The large-billed crow (Corvus macrorhynchos), formerly referred to widely as the jungle crow, is a widespread Asian species of crow. It is very adaptable and is able to survive on a wide range of food sources, making it capable of colonizing new areas, due to which it is often considered a nuisance, especially on islands. It has a large bill, which is the source of its scientific name macrorhynchos (Ancient Greek for "long-billed") and it is sometimes known by the common name thick-billed crow. It can also be mistaken for a common raven. The eastern jungle crow and Indian jungle crow were once considered conspecific and together called the jungle crow.

==Taxonomy==
The large-billed crow was formally described in 1837 by the German naturalist Johann Georg Wagler under the current binomial name Corvus macrorhynchos. The type locality is the island of Java. The specific epithet macrorhynchos is from Ancient Greek μακρορρυγχος/makrorrhunkhos meaning "long-billed".

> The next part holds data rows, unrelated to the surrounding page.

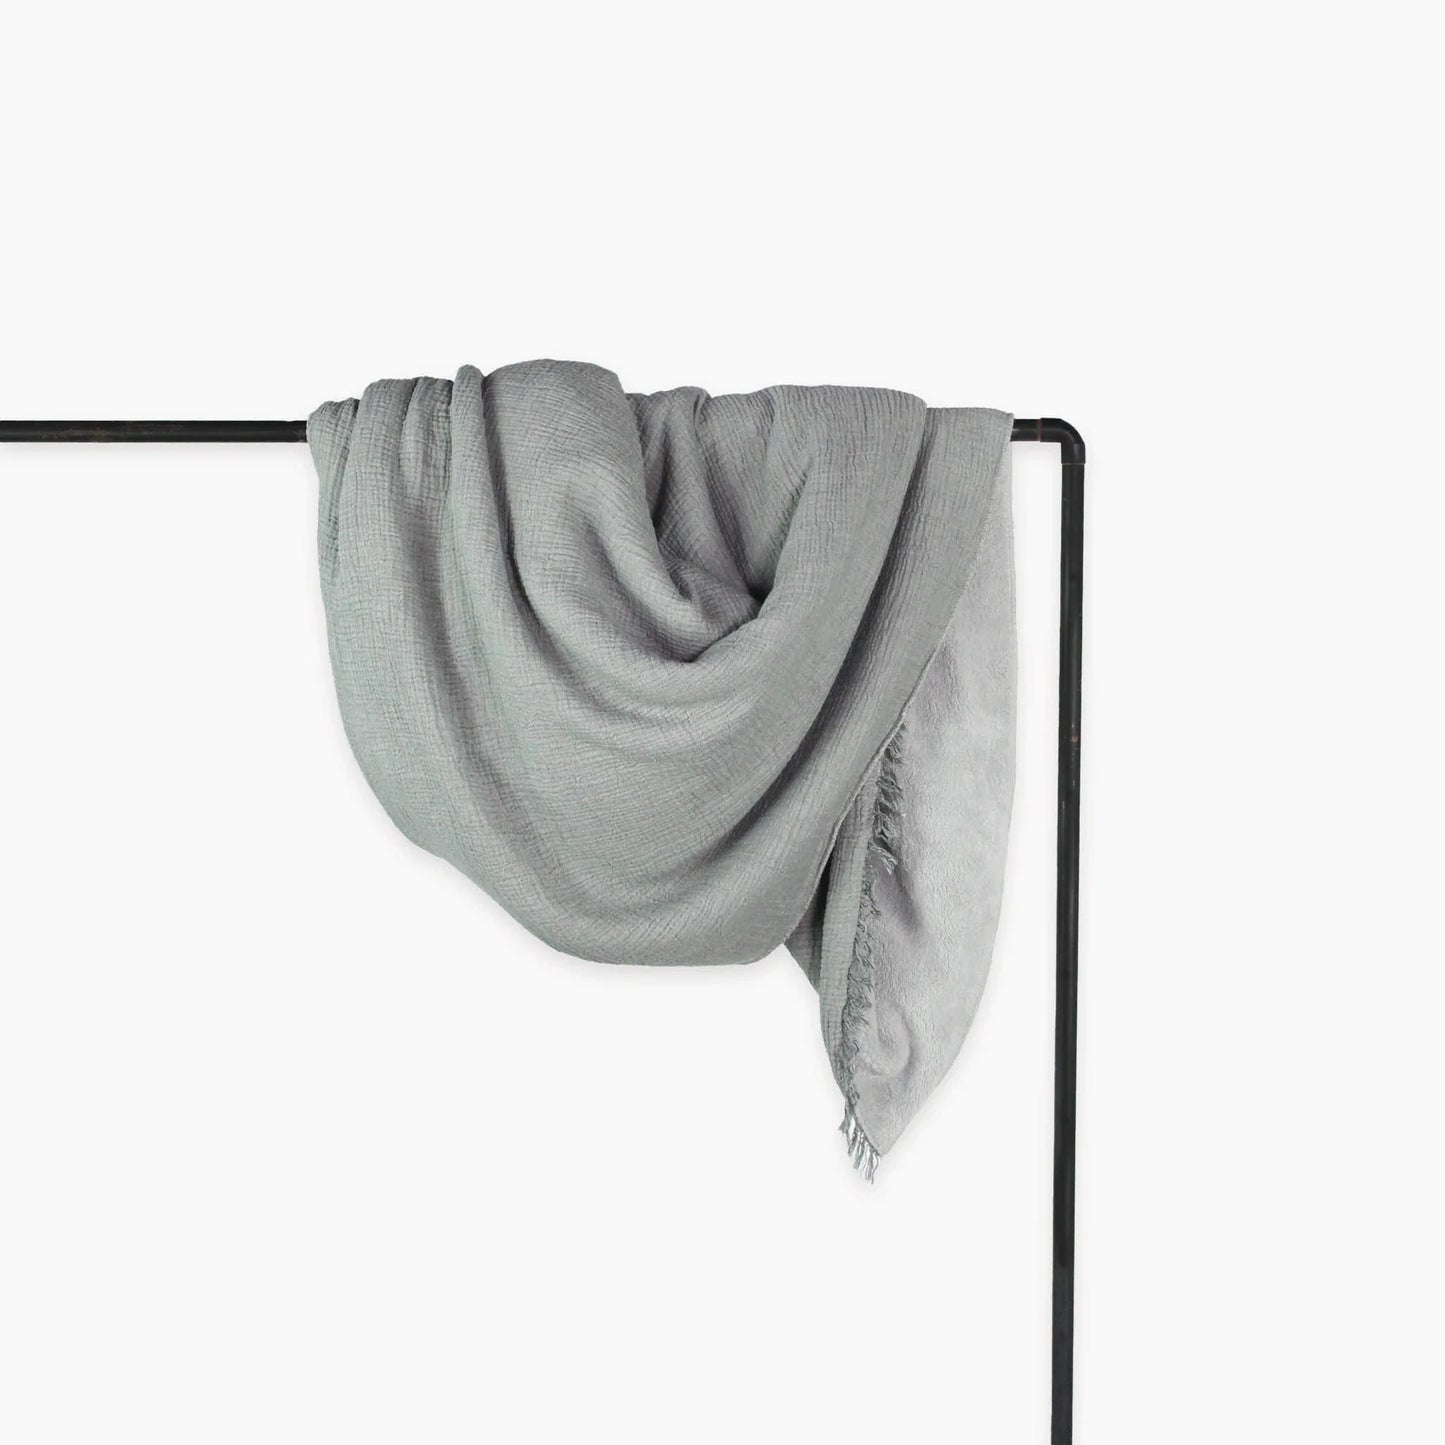 Crinkle Fleece Lined Throw - Charcoal Grey
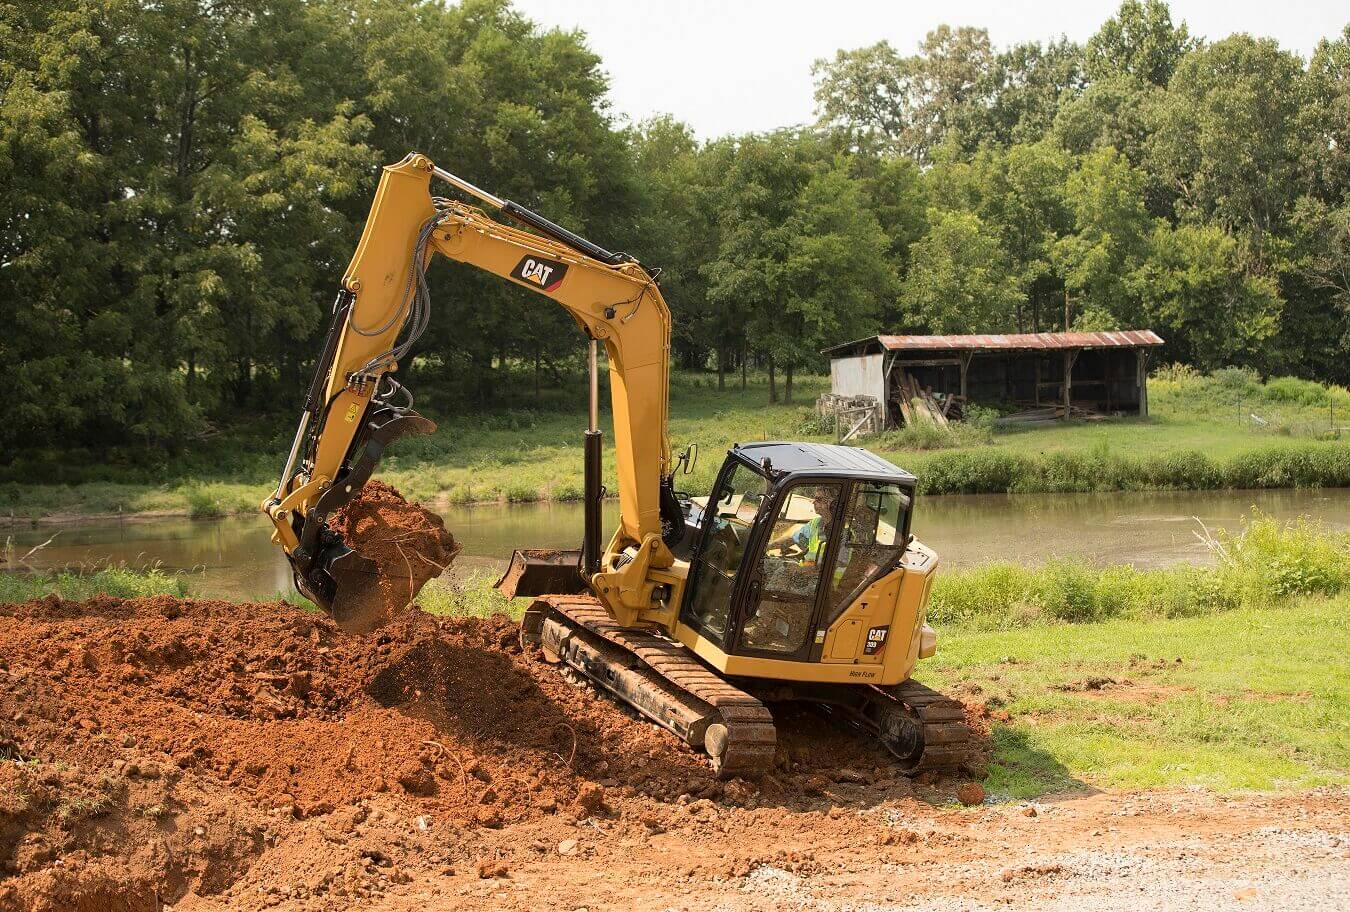 Escavatore Caterpillar a noleggio CGTE durante lavoro di scavo per opere di cura del verde CGTE Noleggio
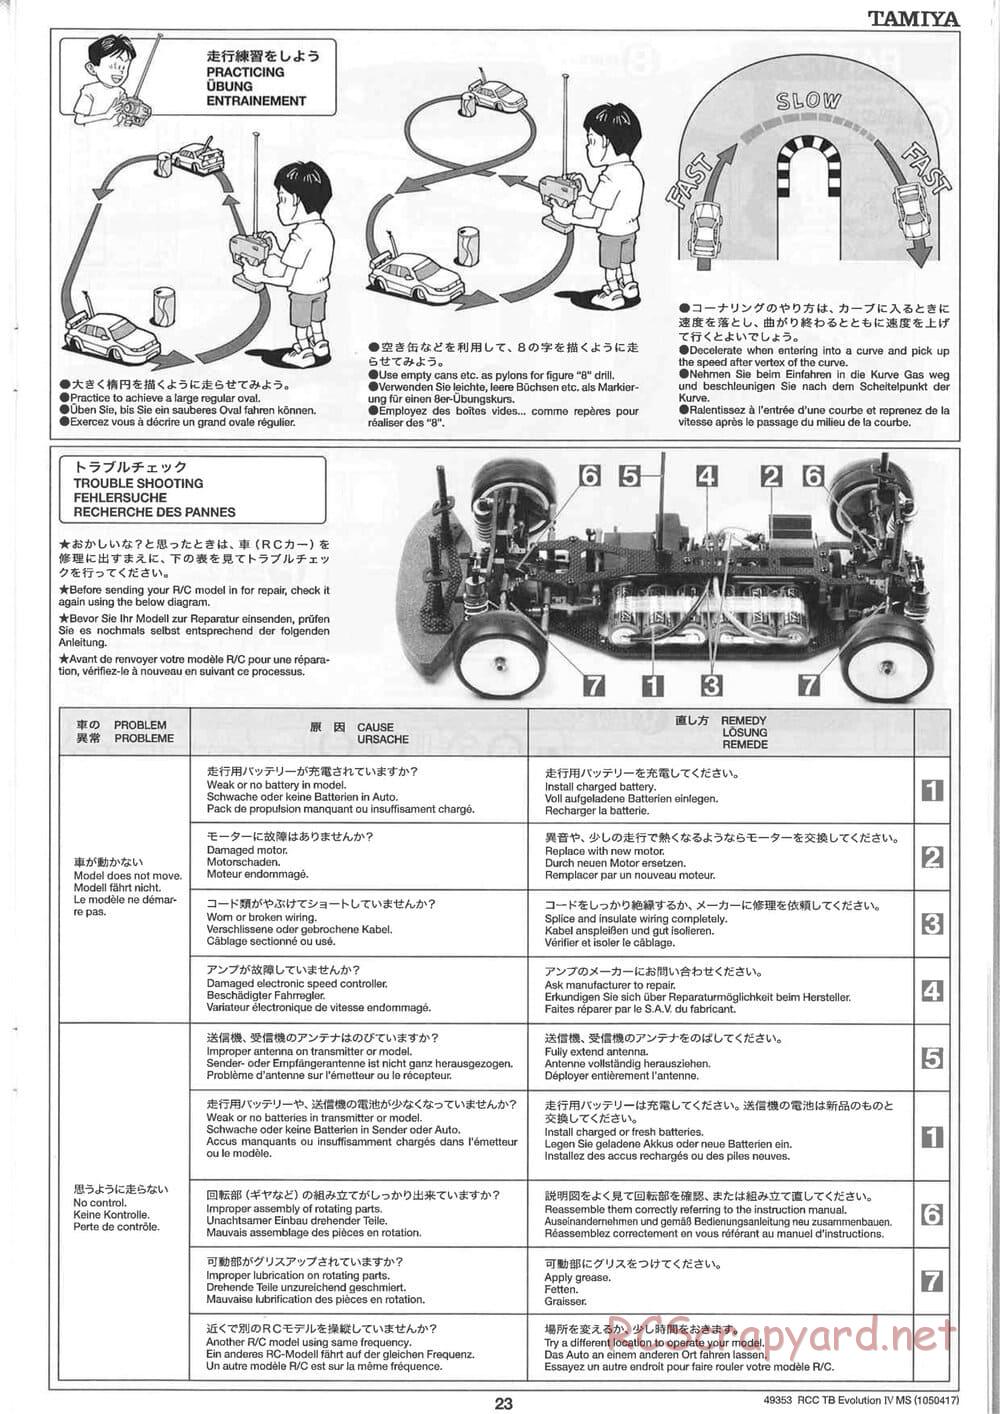 Tamiya - TB Evolution IV MS Chassis - Manual - Page 23

The taxonomy has a long and complicated history, and is still not fully resolved. Although ornithologists suspect that several species may be involved, the species limits are uncertain as each of the published studies only samples a few of the taxa.

Early in the 20th century the large-billed crow together with the Bismarck crow (Corvus insularis), Torresian crow (Corvus orru), little crow (Corvus bennetti) and Philippine jungle crow (Corvus philippinus) were all considered to be conspecific with the Australian raven (Corvus coronoides). In 1929 the German ornithologist Ernst Hartert split the expanded Corvus coronoides into several species based on the size of the throat hackles and the colour of the base of the neck feathers.

Ten subspecies are recognised. Some are distinctive vocally, morphologically and genetically, leading to treatments that raise some of them into species status.
- C. m. japonensis Bonaparte, CLJL, 1850 – Sakhalin, Kuril Islands, and northern Japan. (includes hondoensis and borealis)
- C. m. connectens Stresemann, EFT, 1916 – southern Ryukyu Islands (Amami Ōshima, Okinawa, and Miyako Island, southern Japan)
- C. m. osai Ogawa, M, 1905 – Yaeyama Islands of southern Ryukyu Islands (Ishigaki, Iriomote, Kohama, Kuru, and Aragusuku, southern Japan)
- C. m. mandshuricus Buturlin, SA, 1913 – northeastern Asia
- C. m. colonorum Swinhoe, R, 1864 – central and southern China including Hainan, Taiwan, and northern Indochina. (includes hassi, mengtszensis and hainanus)
- C. m. tibetosinensis Kleinschmidt, O & Weigold, MH, 1922 – eastern Himalayas to southeastern Tibet, northern Myanmar, and western China
- C. m. intermedius Adams, AL, 1859 – far eastern Iran to northwestern India and western Himalayas
- C. m. macrorhynchos Wagler, JG, 1827 – southern Indochina, the Malay Peninsula, Sumatra, Java, and the Lesser Sunda Islands. (includes timoriensis)
- C. m. levaillantii Lesson, RP, 1831 – northeastern India (west to West Bengal) and eastern Nepal eastward to western Thailand, and Andaman Islands. (includes andamanensis)
- C. m. culminatus Sykes, WH, 1832 – peninsular India and Sri Lanka. (includes anthracinus)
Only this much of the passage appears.